Version 3.4.0 (21-Oct-2016)

  • CHANGED: Revised sample submission anonymization settings and dialogs.
  • CHANGED: Revised Procedure tab in Sample Overview.
  • CHANGED: Changed NCBI access from http to https.
  • CHANGED: Renamed 'Query Libraries' into 'Genotyping Libraries'.
  • CHANGED: Renamed 'WGS Parameters' tab into 'Task Procedure'.
  • CHANGED: Renamed Sequence Specifications into Procedure Specifications.
  • CHANGED: Renamed QC Analysis into Target QC Procedure.
  • CHANGED: Revised HTML export of Graphical Map.
  • CHANGED: Fixed problems with missing FASTQ files in ENA submission.
  • CHANGED: Improved performance of access control checks in large databases.
  • CHANGED: Value 'unknown' for date and country field was replaced by 'not collected' for new entries.
  • CHANGED: Fixed a problem when downloading NCBI draft genomes with thousands of contigs.
  • NEW: Added option to use allele type numbers when creating a Task Template from allelic libraries.
  • NEW: Support SPAdes assembler in pipelines on Linux clients.
  • NEW: Backup settings option to disable size checks on network drives.
  • NEW: Project comparison table, right-click context menu: 'Clear Fields in Selected Samples'.
  • NEW: Filter option in projects, database schemas, and users managing dialogs.
  • Several GUI revisions, smaller improvements and bugfixes.
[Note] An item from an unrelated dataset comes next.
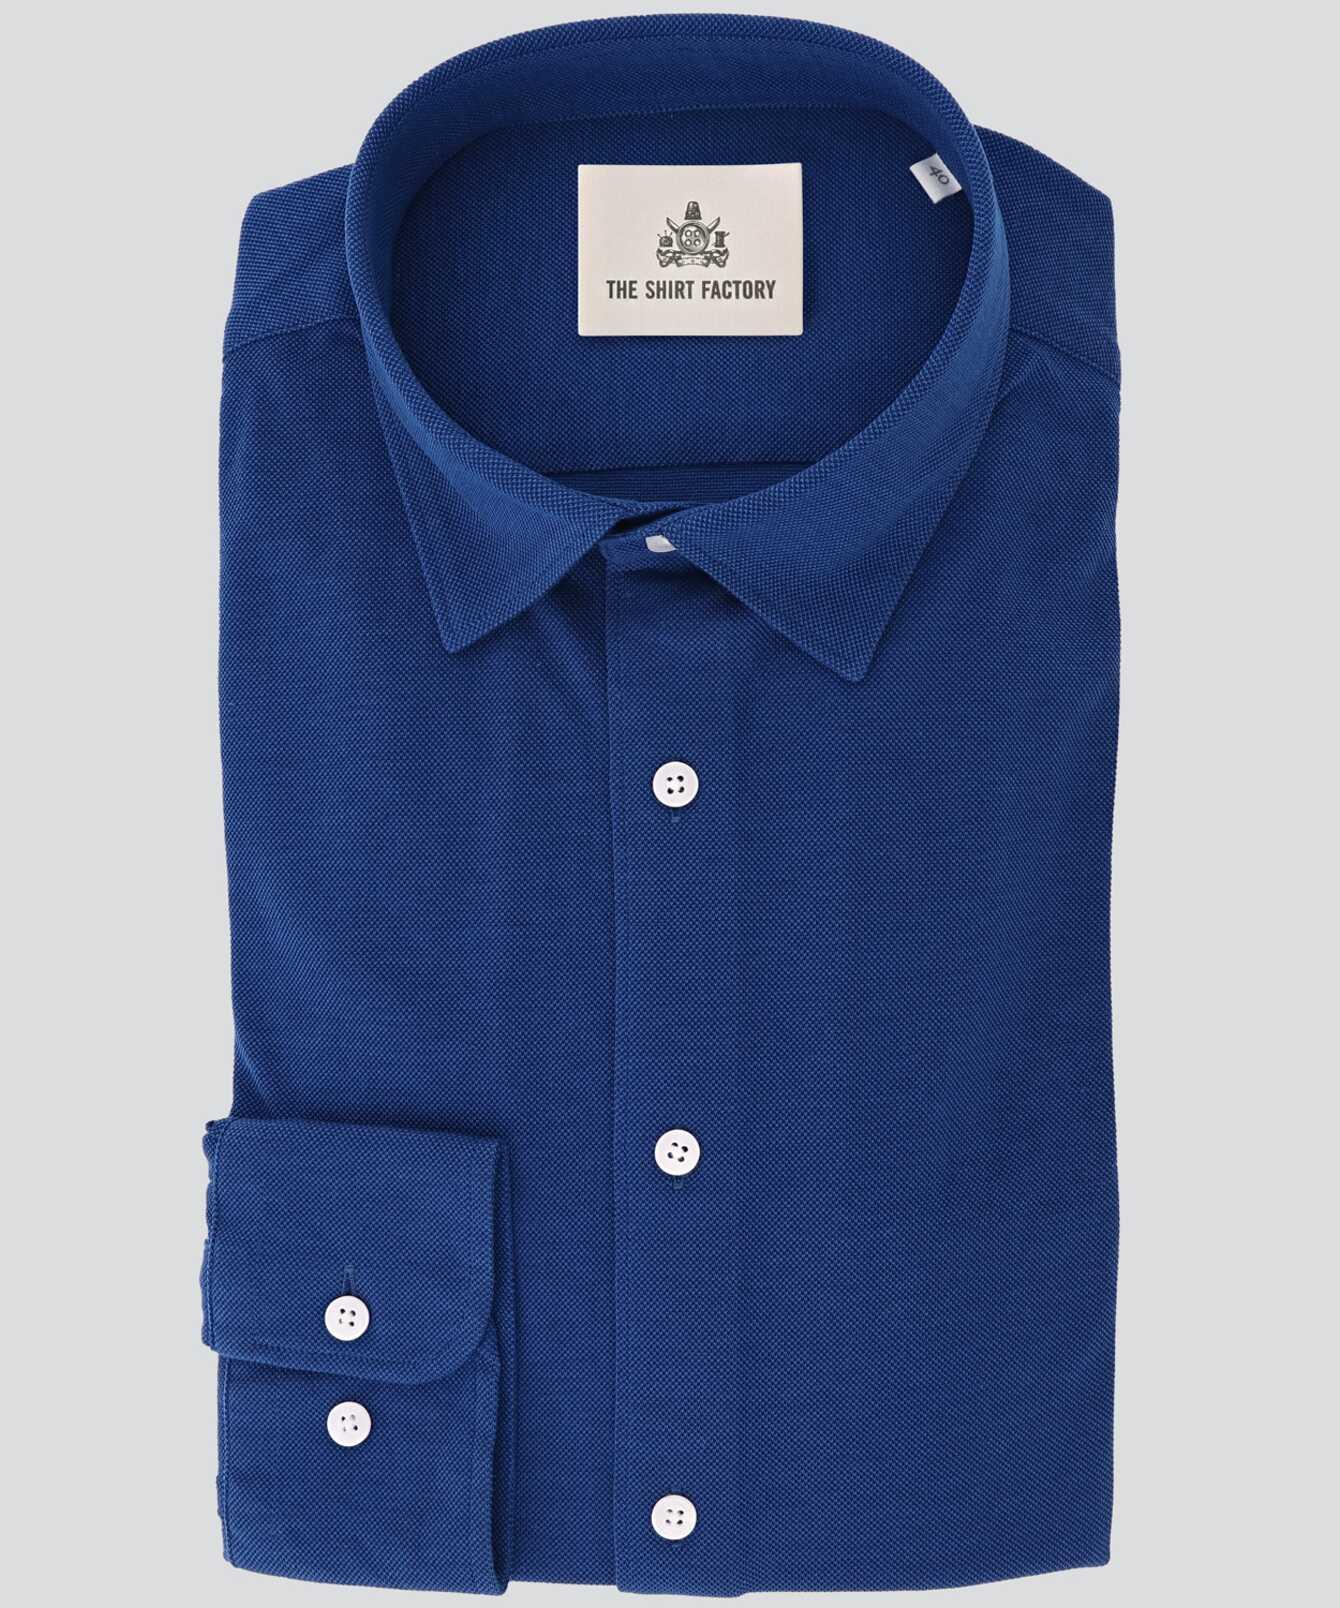 Shirt Royal Troon Pique Blue The Shirt Factory

Version 3.3.0 (02-Aug-2016)

  • NEW: 'Open Comparison Table' button in sample search panel.
  • NEW: Menu function 'Logout & Start Pipeline Mode'.
  • NEW: 'Exclude Files in Pipeline (right-click on file preview).
  • CHANGED: Fixed problems with RAST GenBank files and multiple contigs.
  • CHANGED: When importing downloaded GB files the strain is used as sample ID.
  • CHANGED: Copying of FASTQs in pipeline does not overwrite original files.
  • CHANGED: Improved handling of FASTA files without file extension.
  • NEW: Shortcut button in Comparison Table toolbar to export distance matriy.
  • NEW: Password expiration policy can be defined (requires server update).
  • Several GUI revisions, smaller improvements and bugfixes.

Version 3.2.1 (28-Apr-2016)

  • CHANGED: Fixed a color problem in Geographical Maps.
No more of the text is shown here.